> [EXERCISE INSTRUCTIONS] Give the data again exactly as written, without any of its pictures.

> [INFORMATION SHOWN]
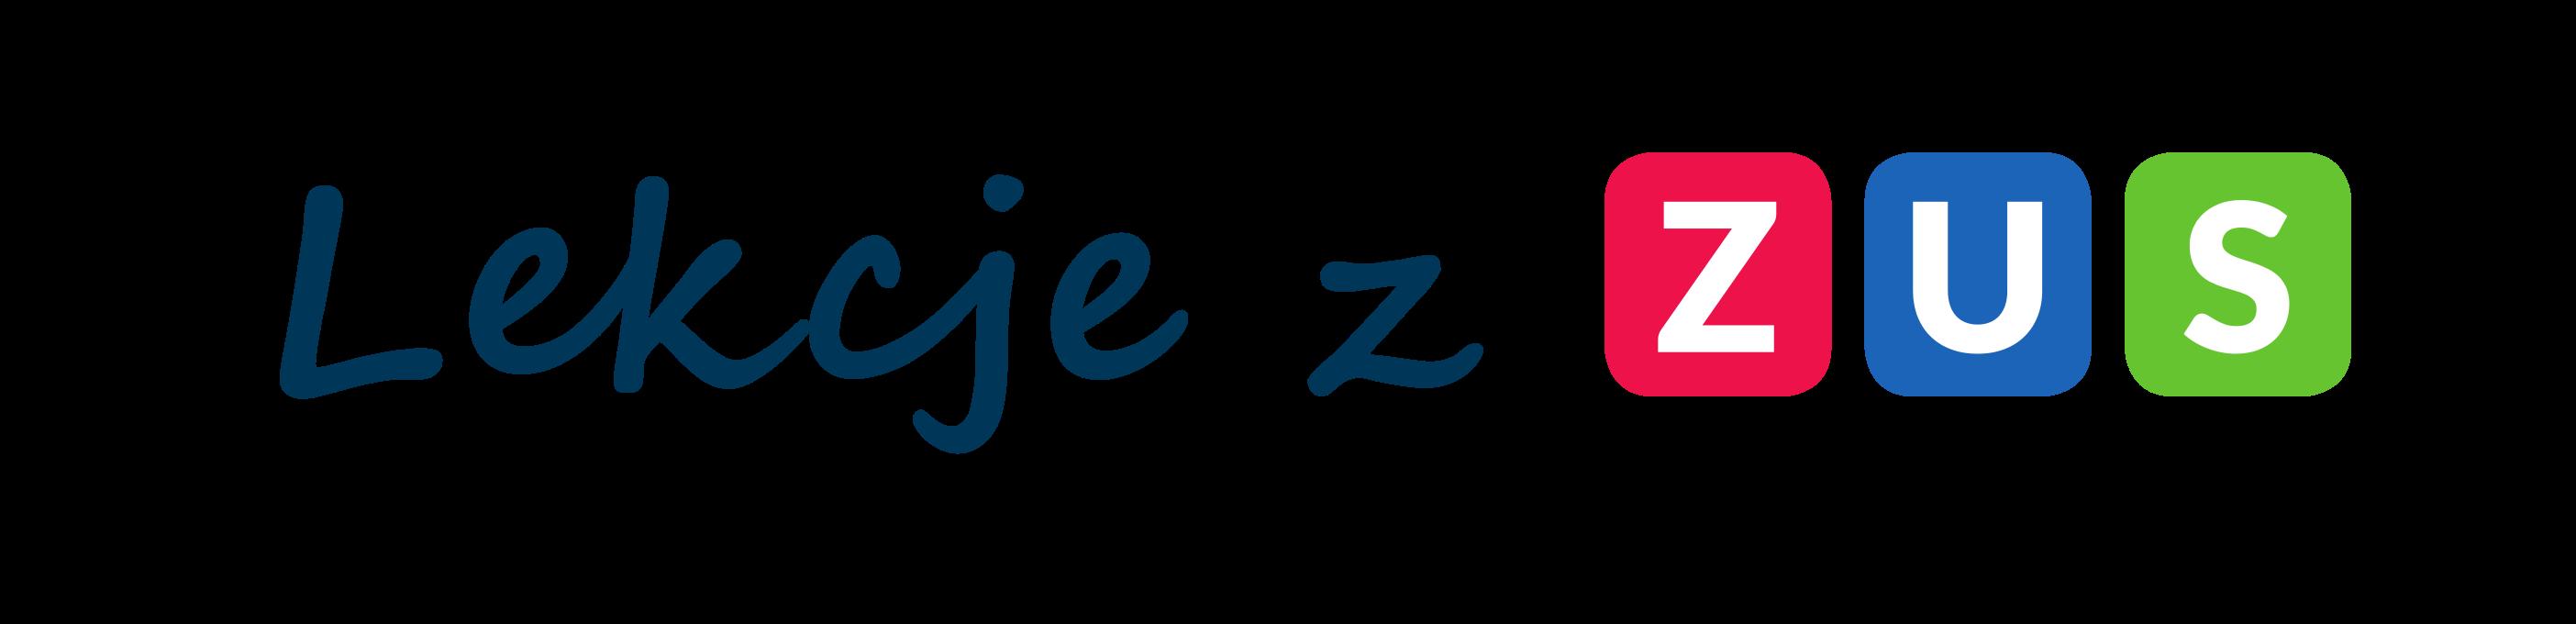 logo projektu Lekcje z ZUS
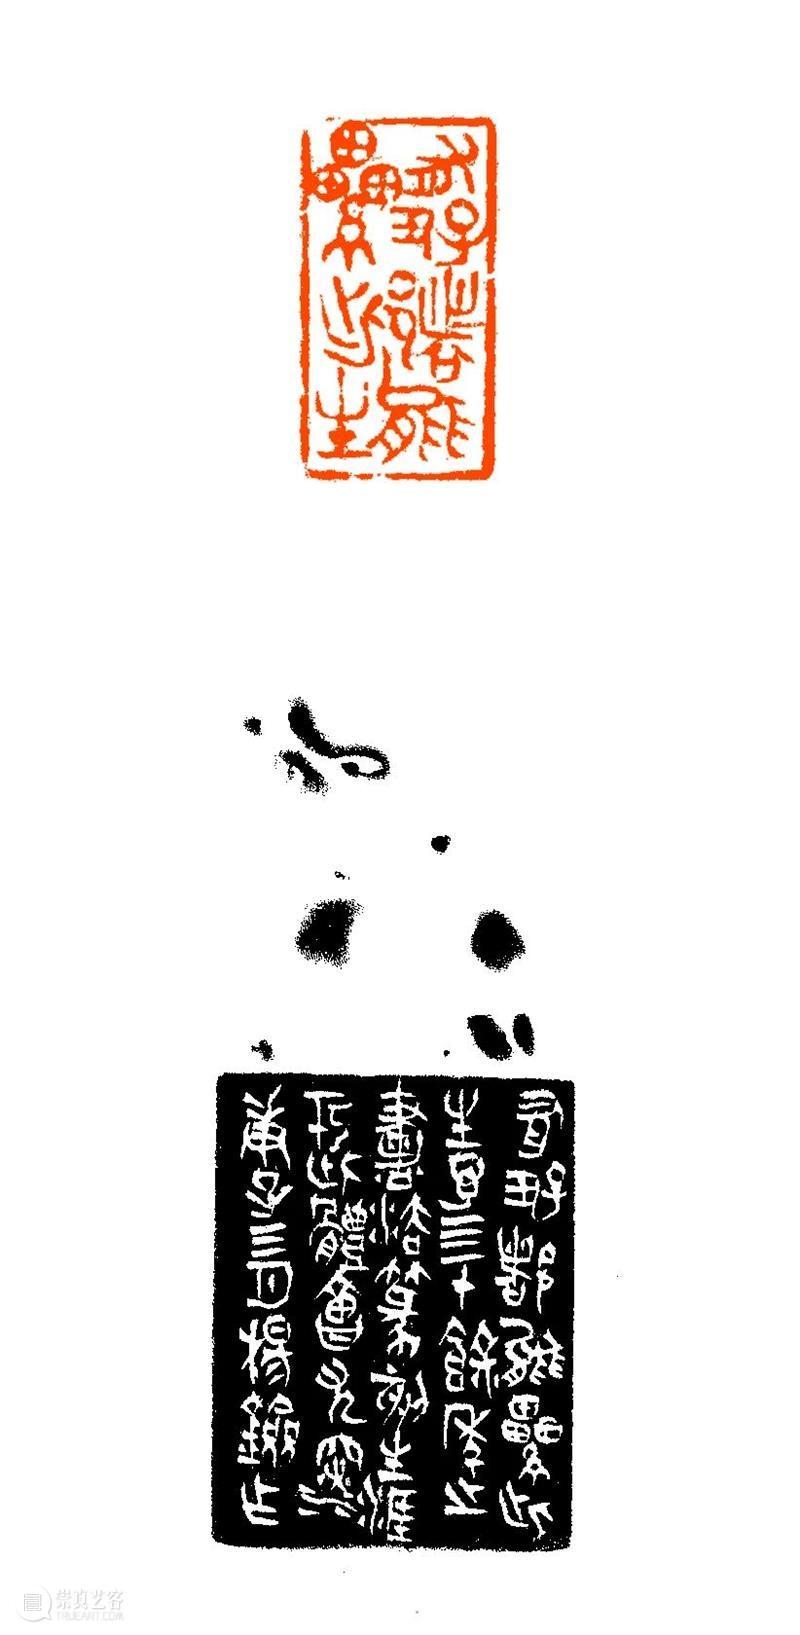 """【爱社如家】""""禅心古韵""""——杨剑捐赠展作品欣赏(一) 爱社 如家 作品 禅心 古韵 杨剑 编者按 西泠印社 文物 其中 崇真艺客"""
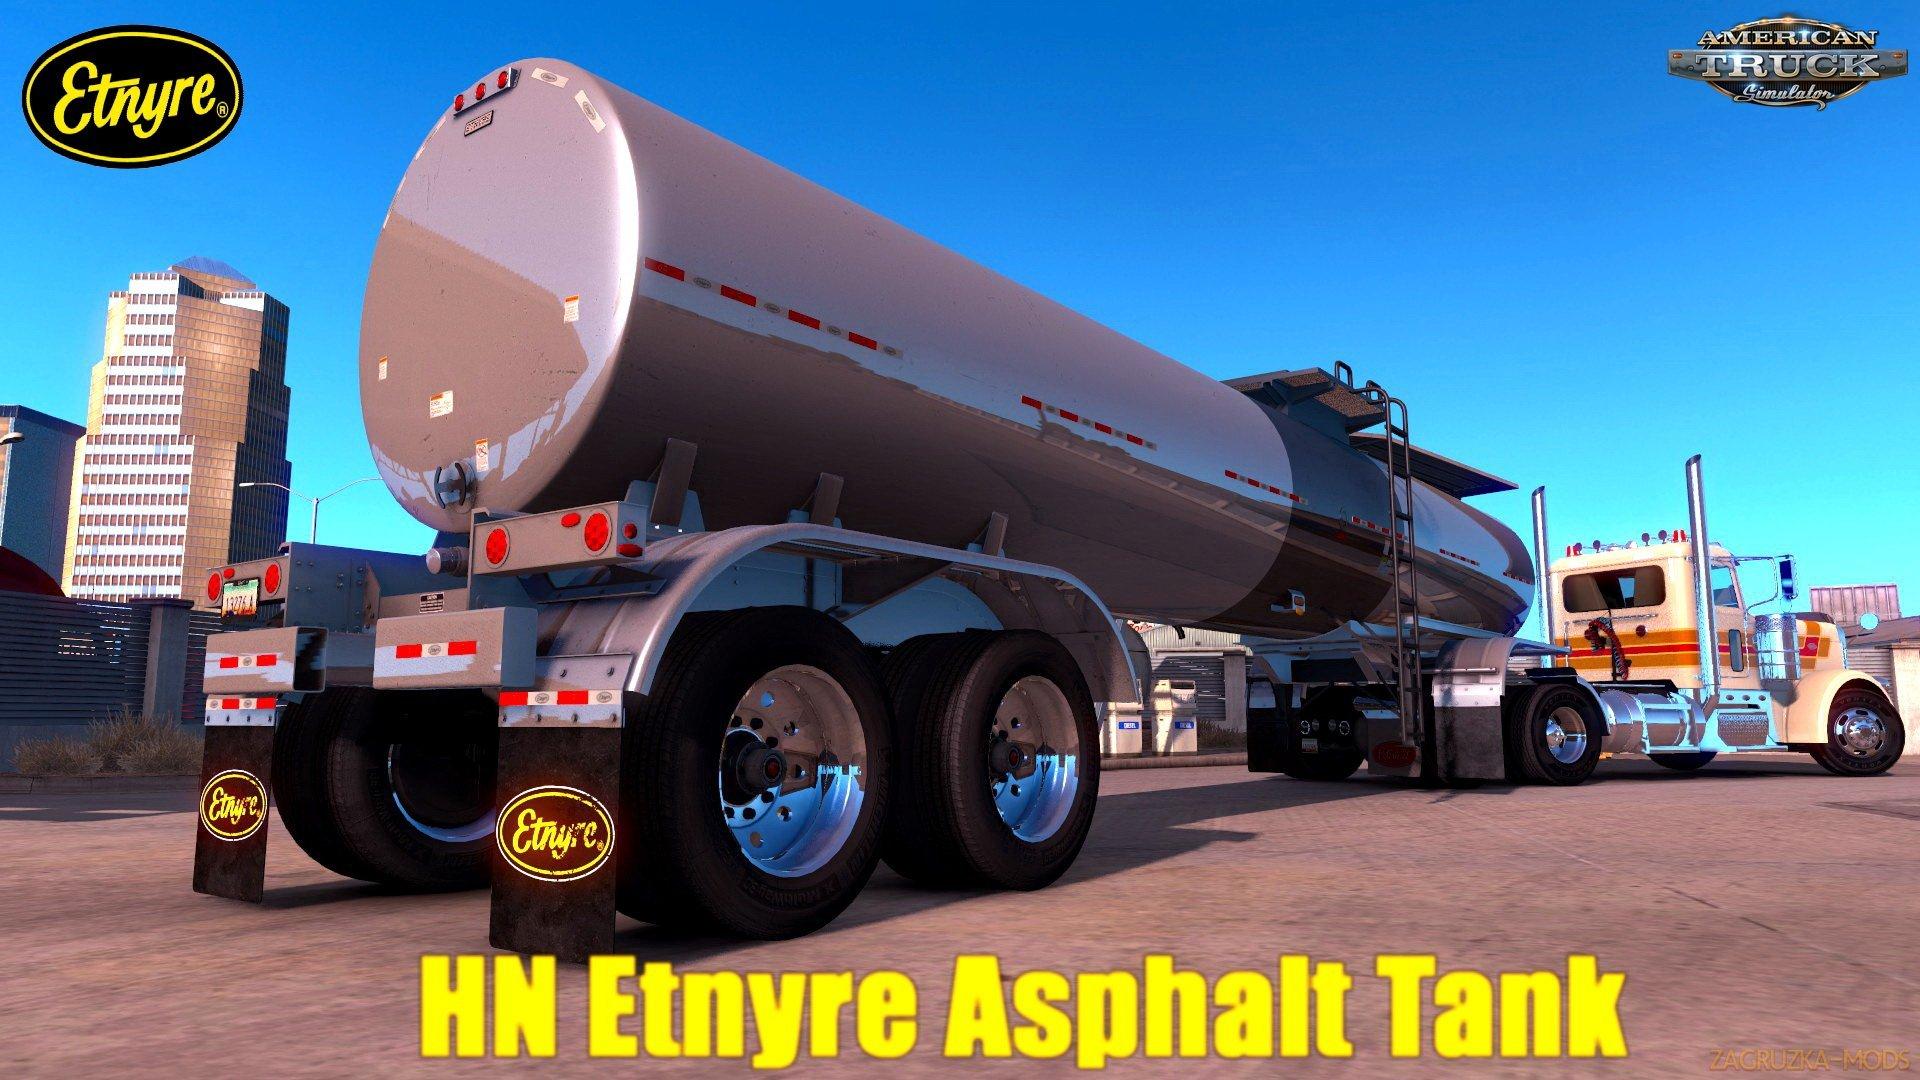 Trailer Etnyre Asphalt Tanker Ownable v3.0 (1.35.x) for ATS
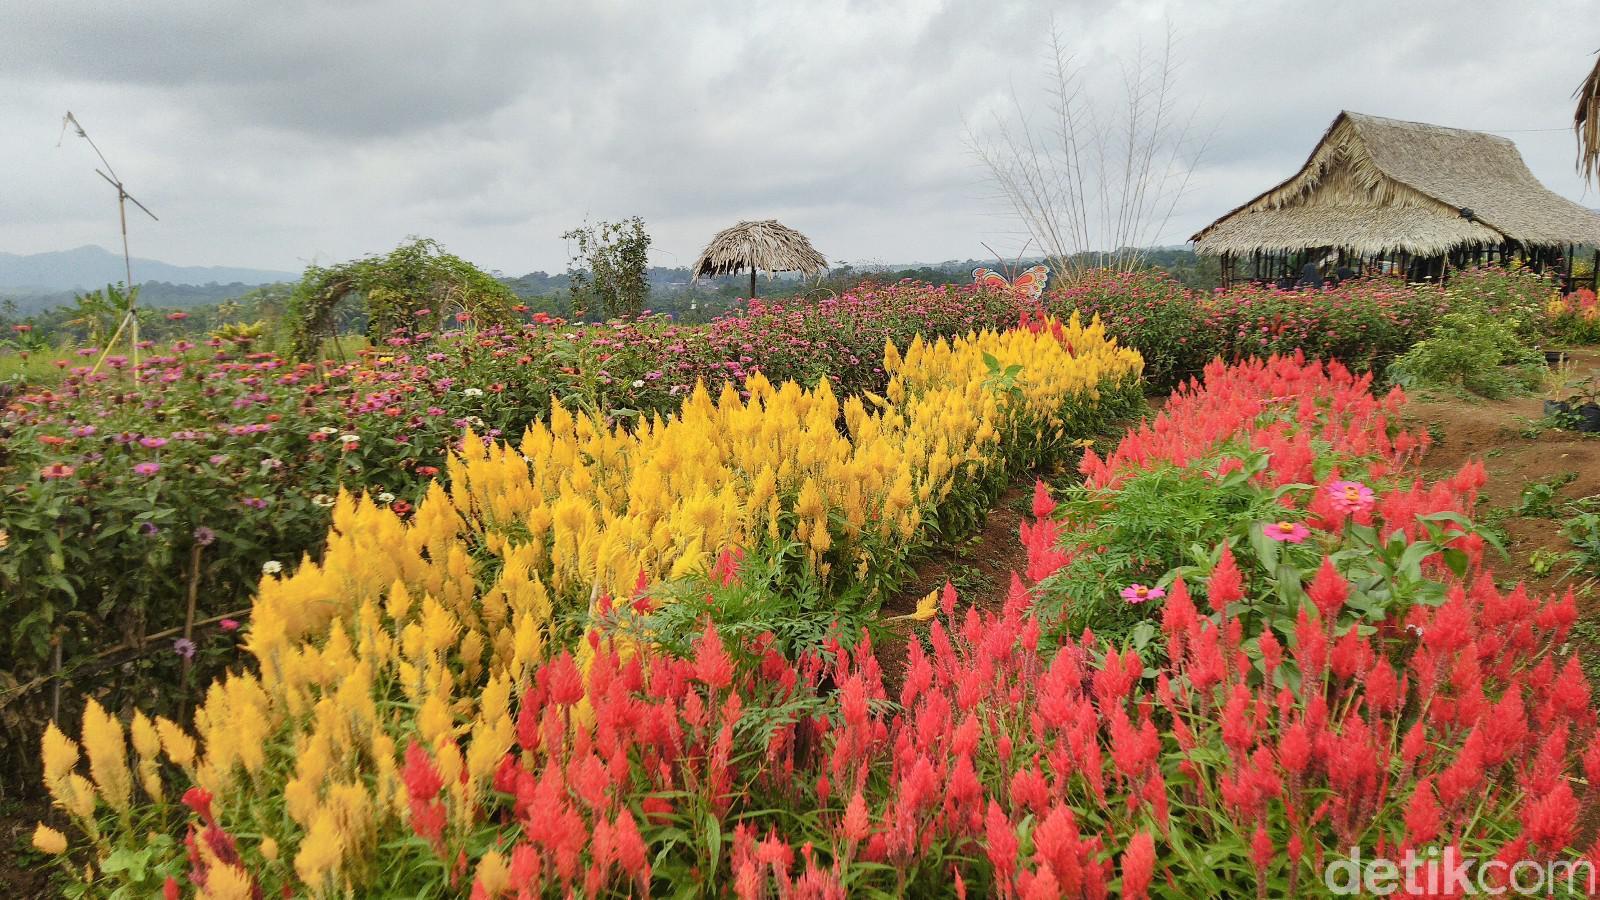 Hamparan bunga Celosia diEkowisata Kampoeng Sawah
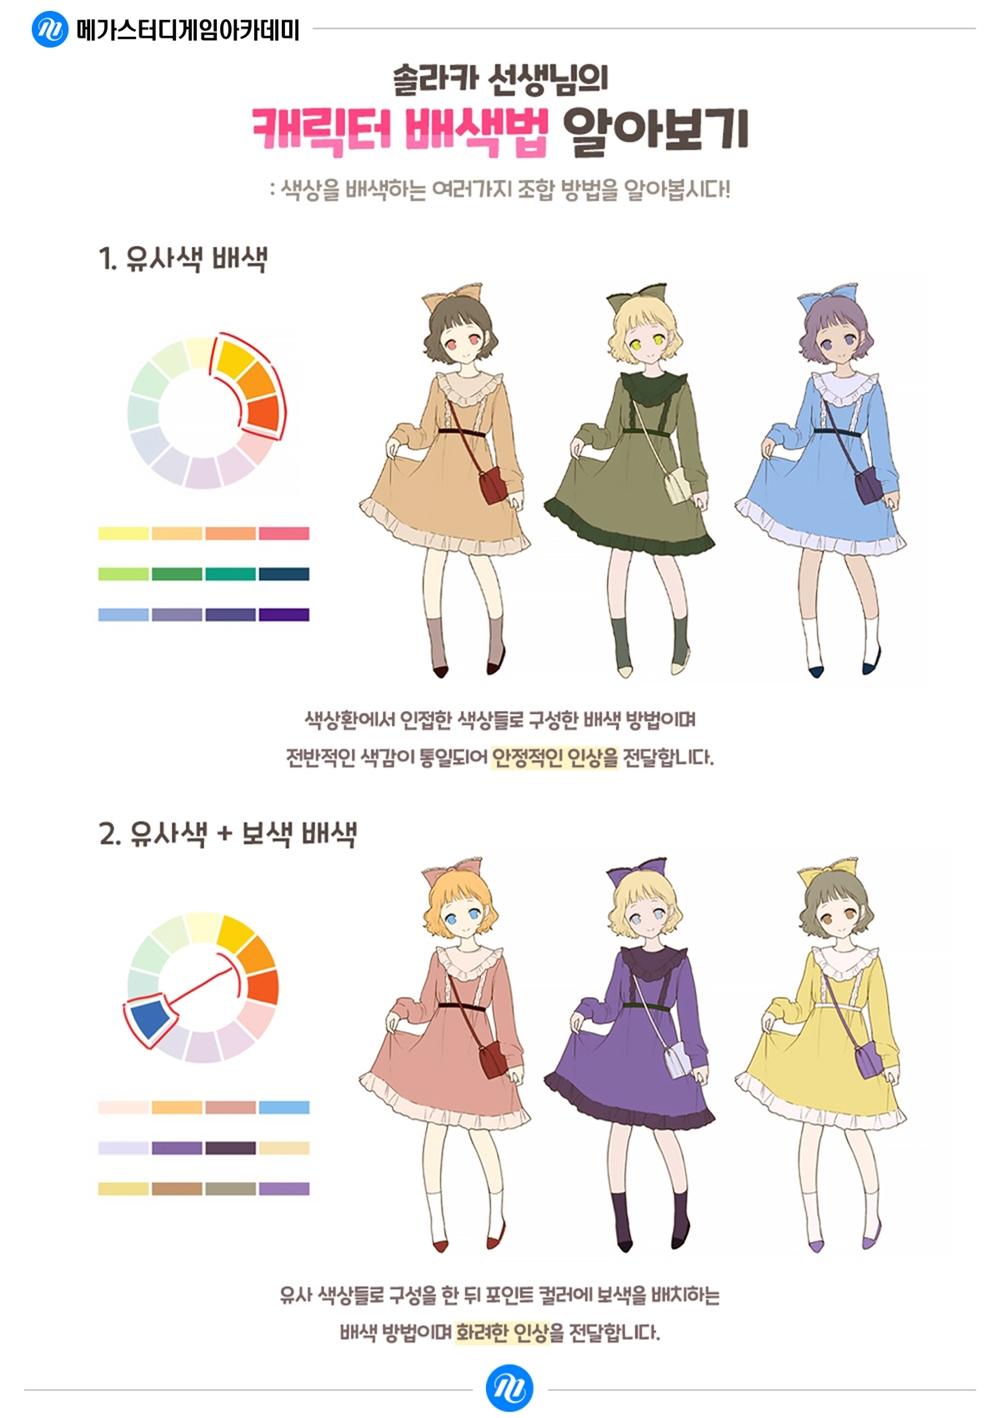 솔라카 선생님의 캐릭터 배색법 알아보기

> [TASK RESULT]
 logo projektu Lekcje z ZUS
 """【爱社如家】""""禅心古韵""""——杨剑捐赠展作品欣赏(一) 爱社 如家 作品 禅心 古韵 杨剑 编者按 西泠印社 文物 其中 崇真艺客"""
 Trailer Etnyre Asphalt Tanker Ownable v3.0 (1.35.x) for ATS
 Hamparan bunga Celosia diEkowisata Kampoeng Sawah
 솔라카 선생님의 캐릭터 배색법 알아보기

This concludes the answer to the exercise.